* INPUT FOR THIS TASK
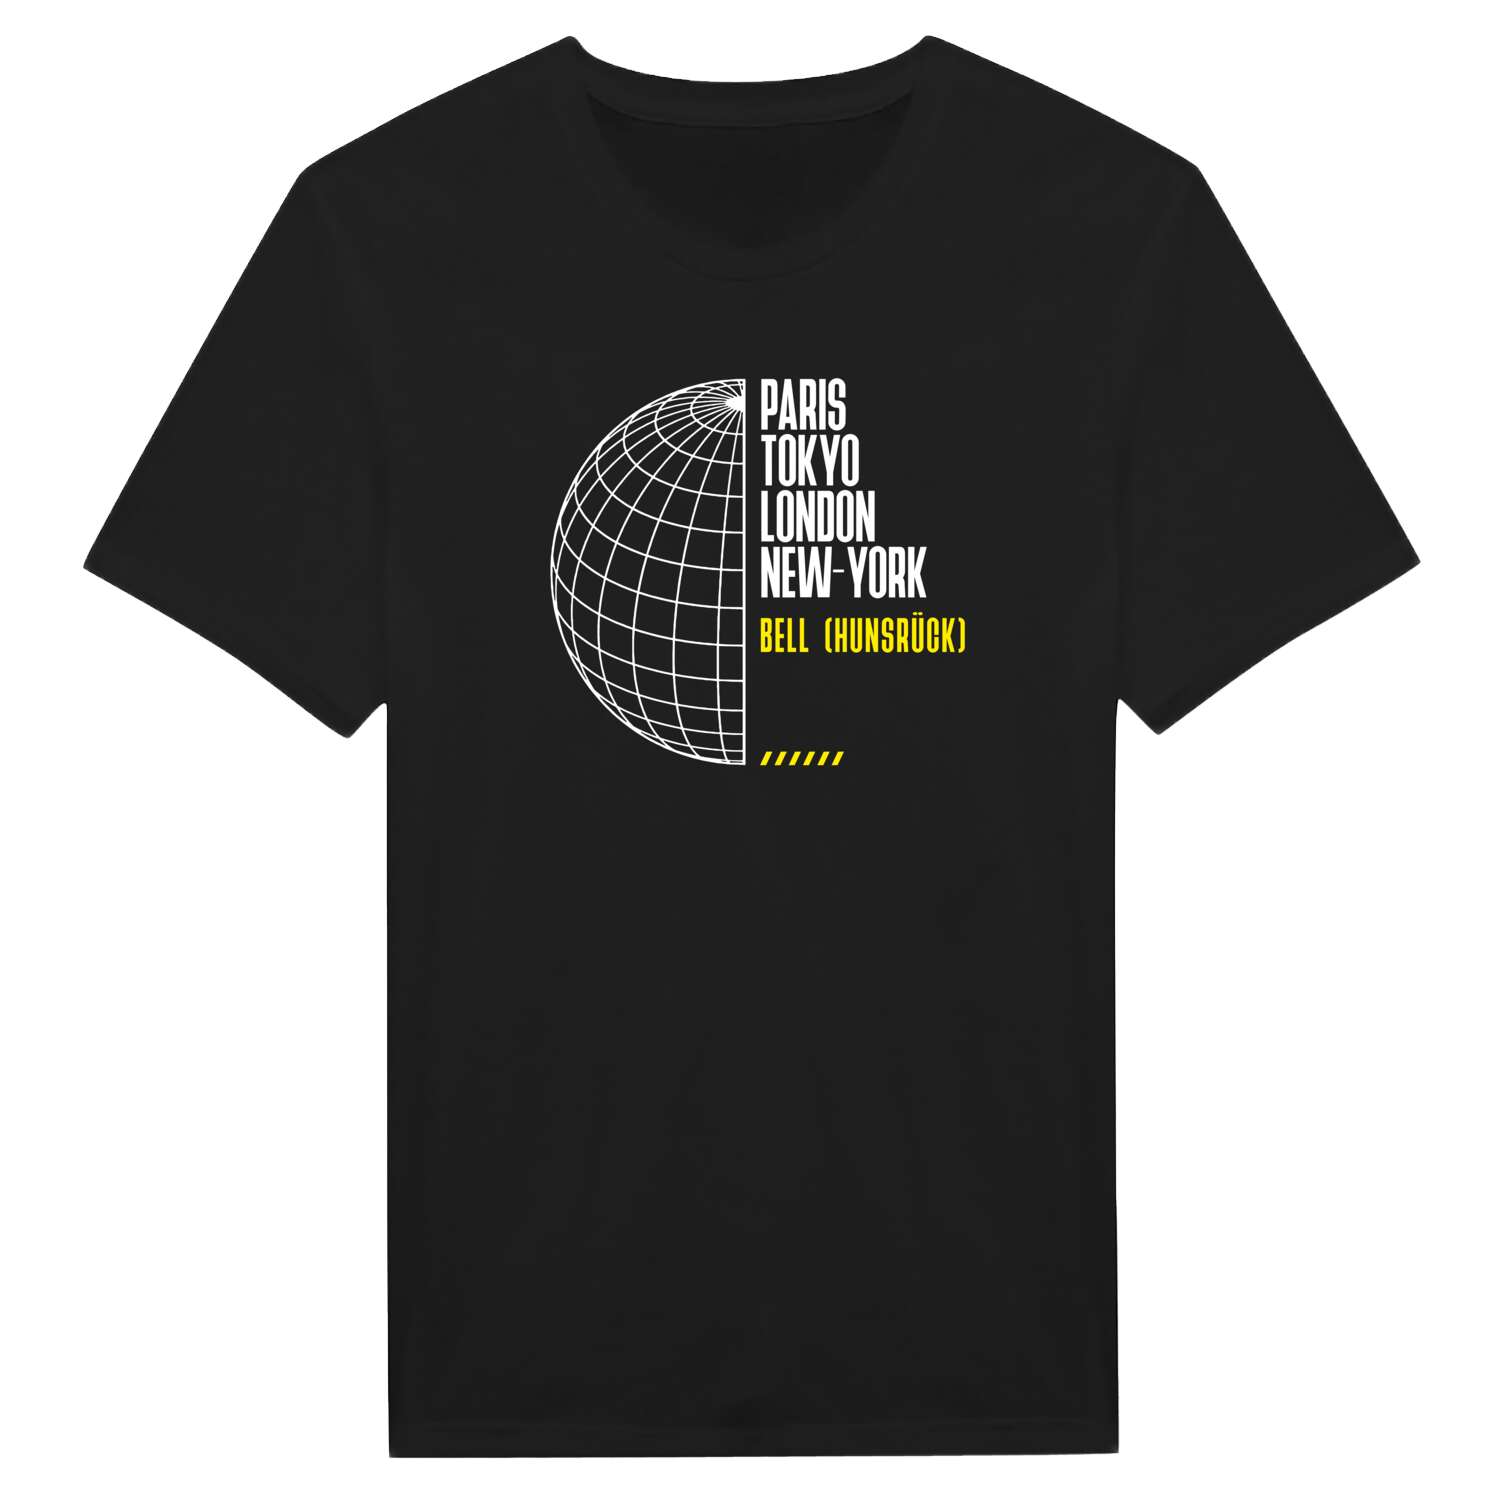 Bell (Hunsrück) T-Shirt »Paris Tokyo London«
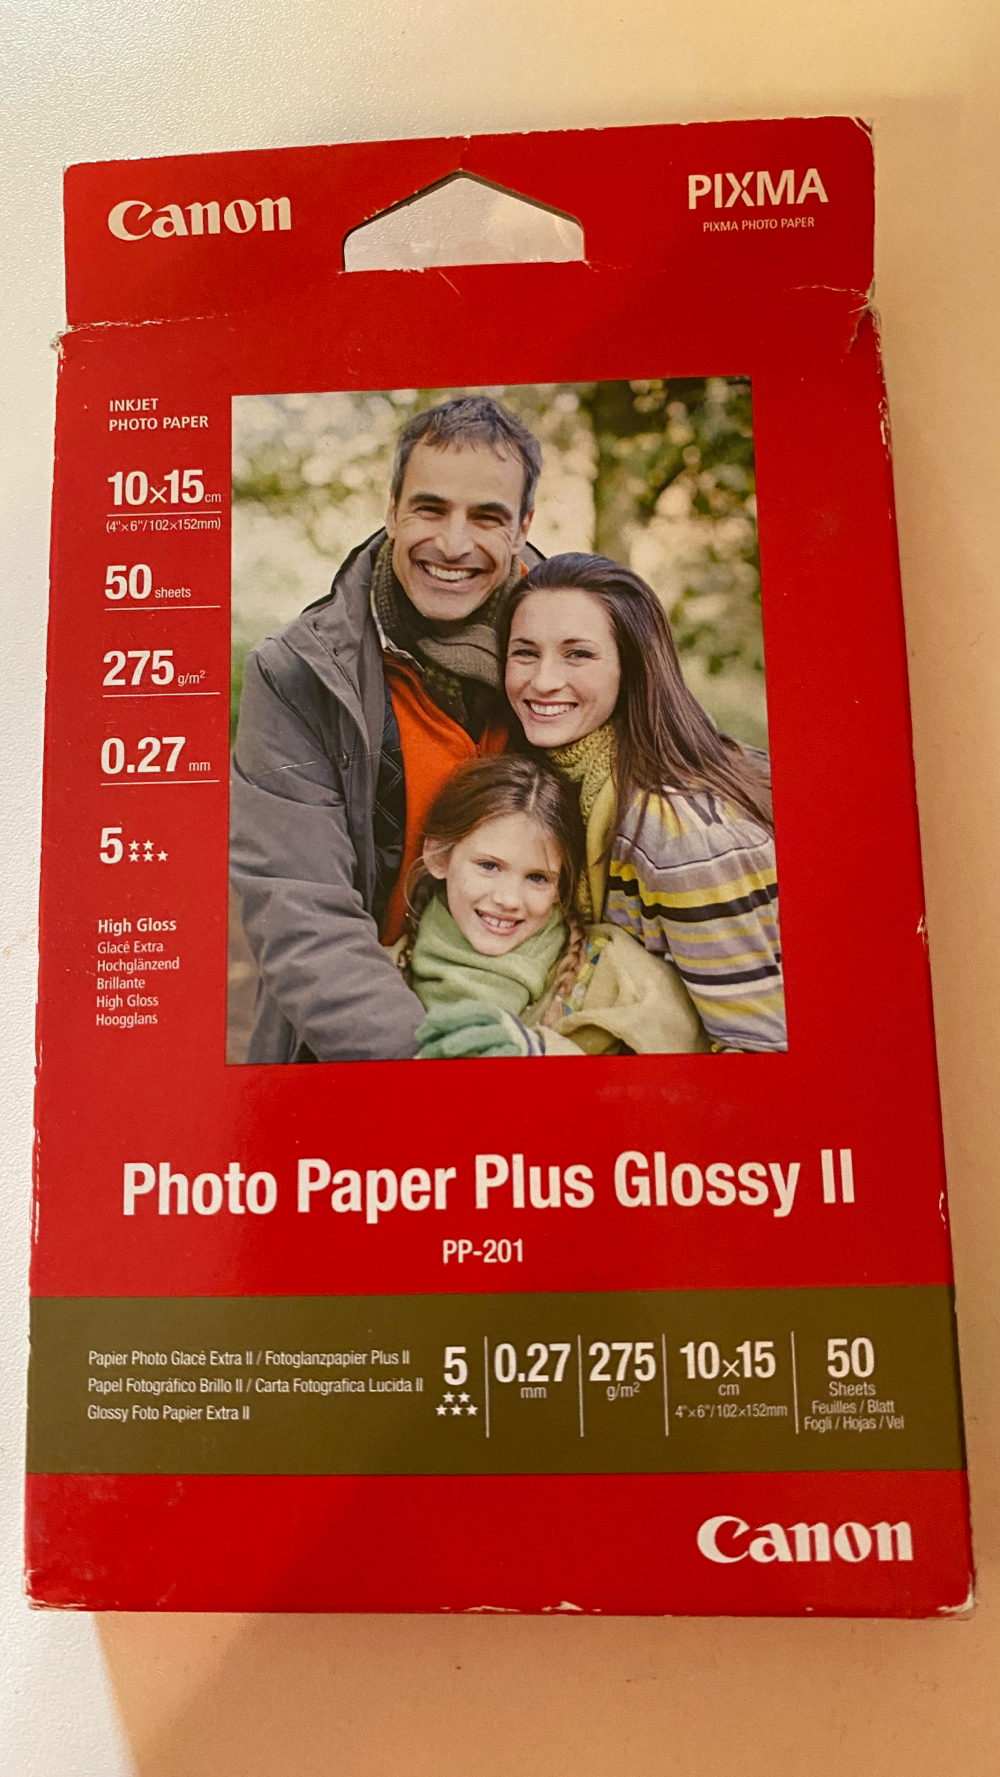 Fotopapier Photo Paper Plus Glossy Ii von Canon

---

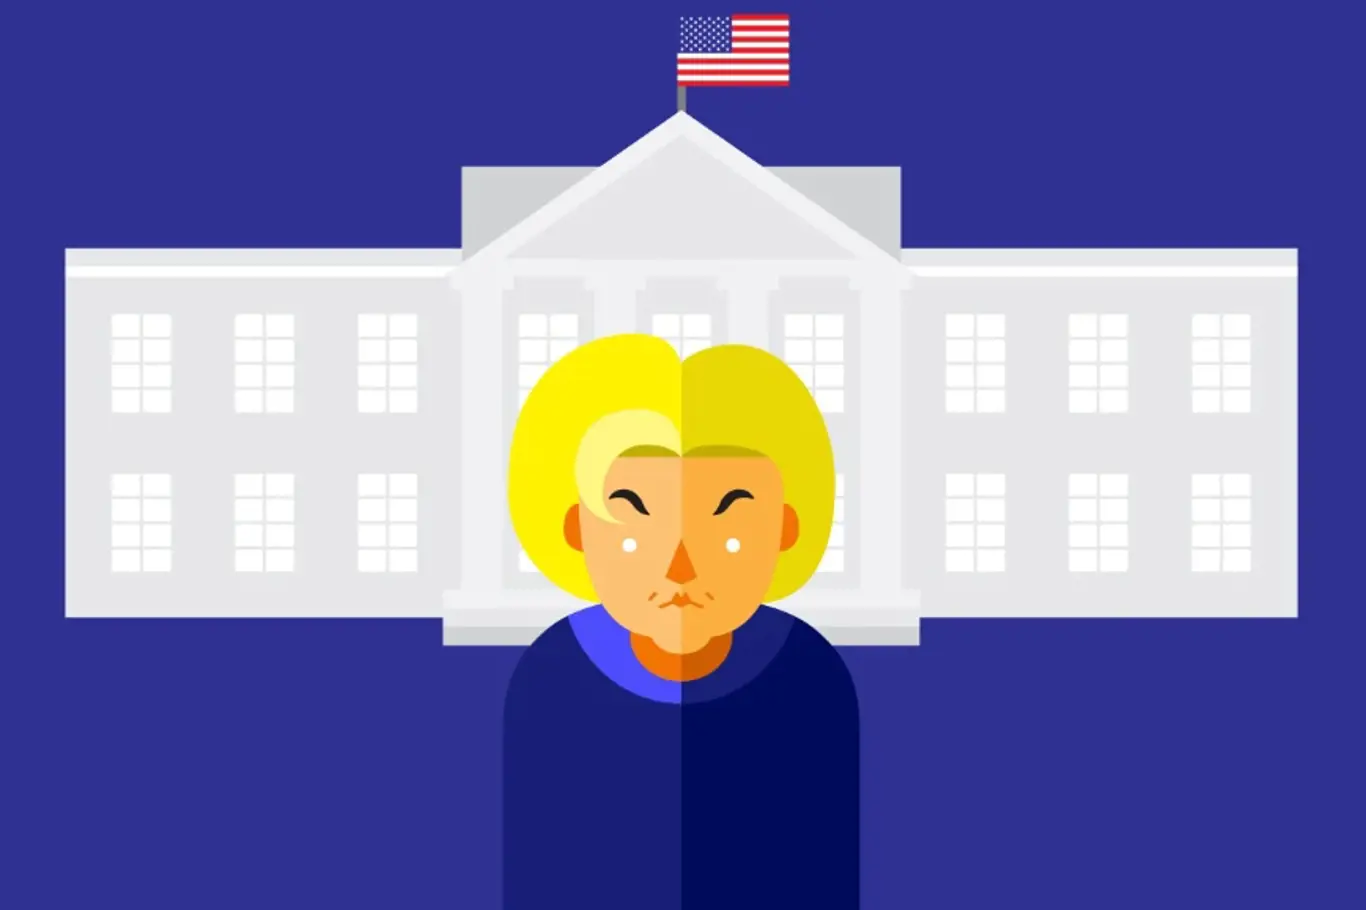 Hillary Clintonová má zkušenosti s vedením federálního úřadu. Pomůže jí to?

...

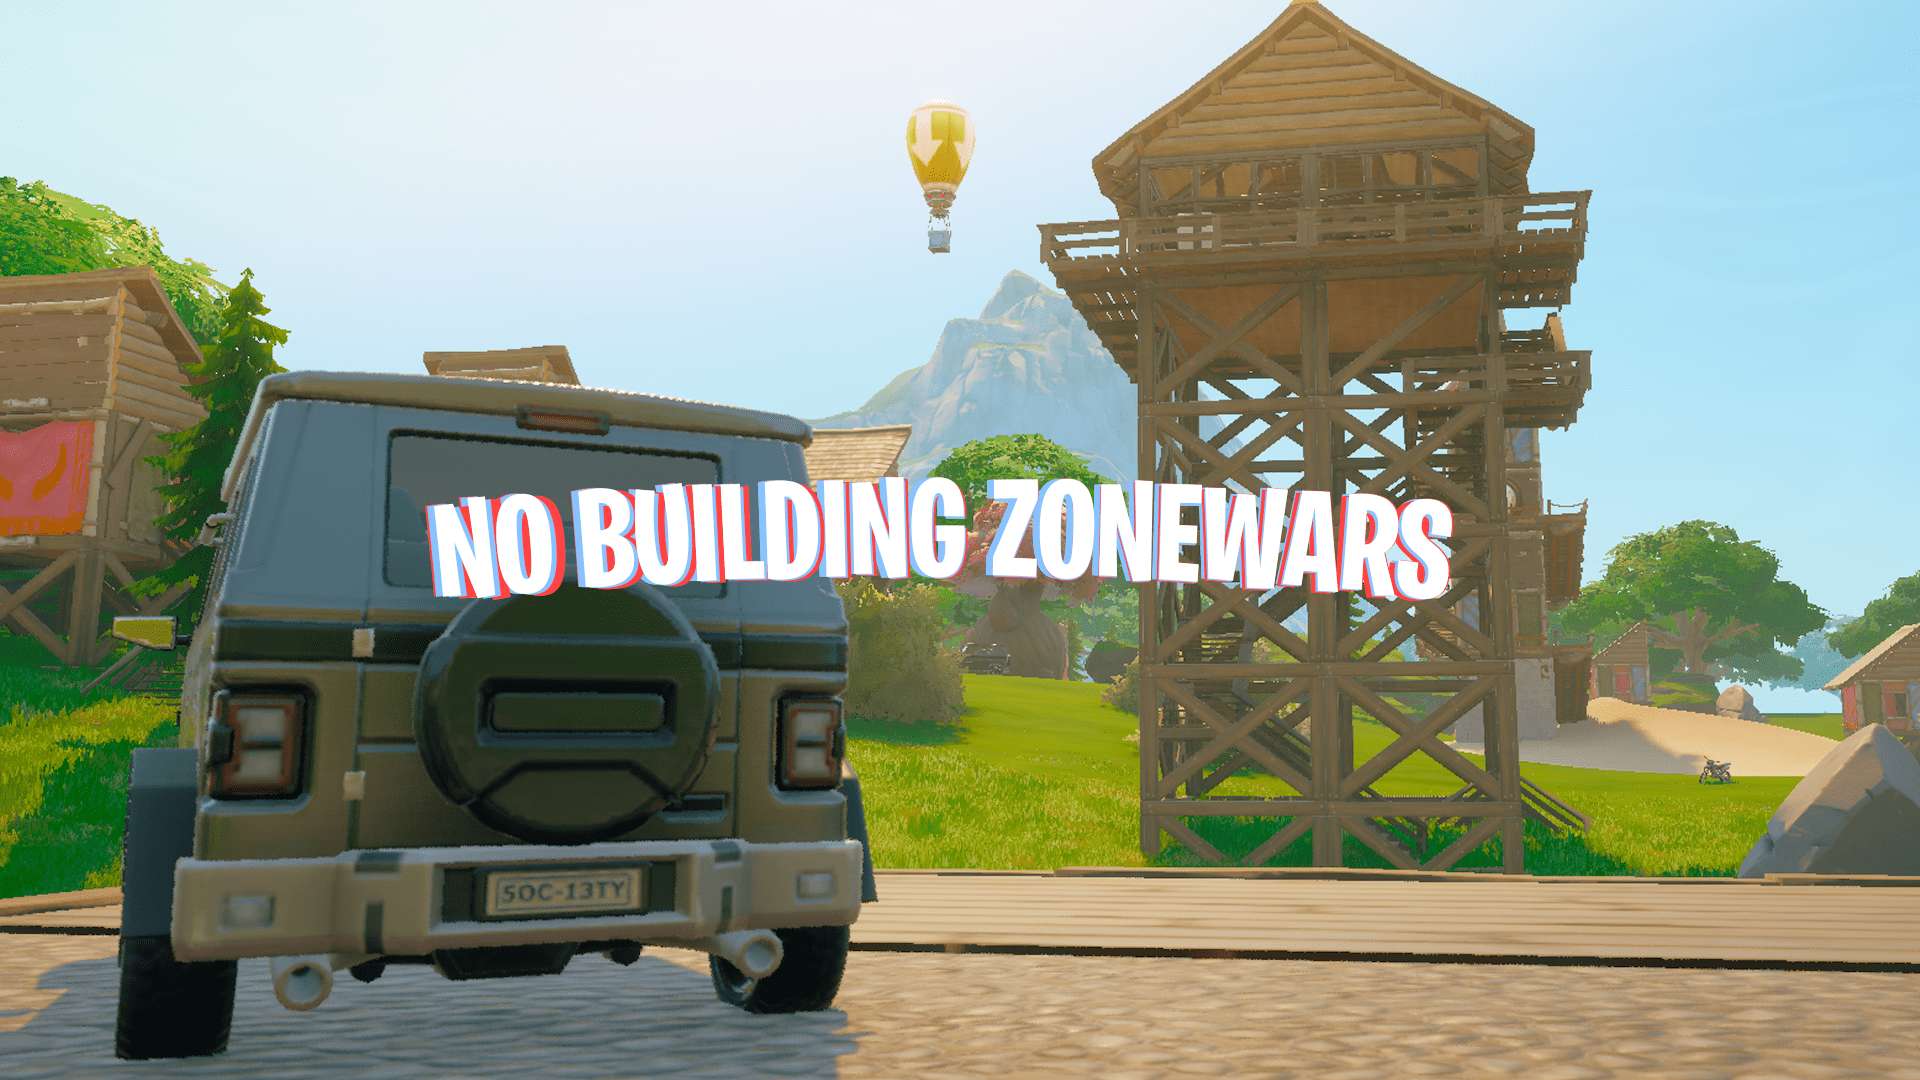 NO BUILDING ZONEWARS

* EXERCISE REQUIREMENTS
Go back to the listing above and write out the lines starting at the one with "Bell (Hunsrück) T-Shirt" and ending at the one with "Fotopapier Photo Paper", inclusive, exactly and without pictures.

* ANSWER TO THIS EXERCISE
 Bell (Hunsrück) T-Shirt »Paris Tokyo London«
 Fotopapier Photo Paper Plus Glossy Ii von Canon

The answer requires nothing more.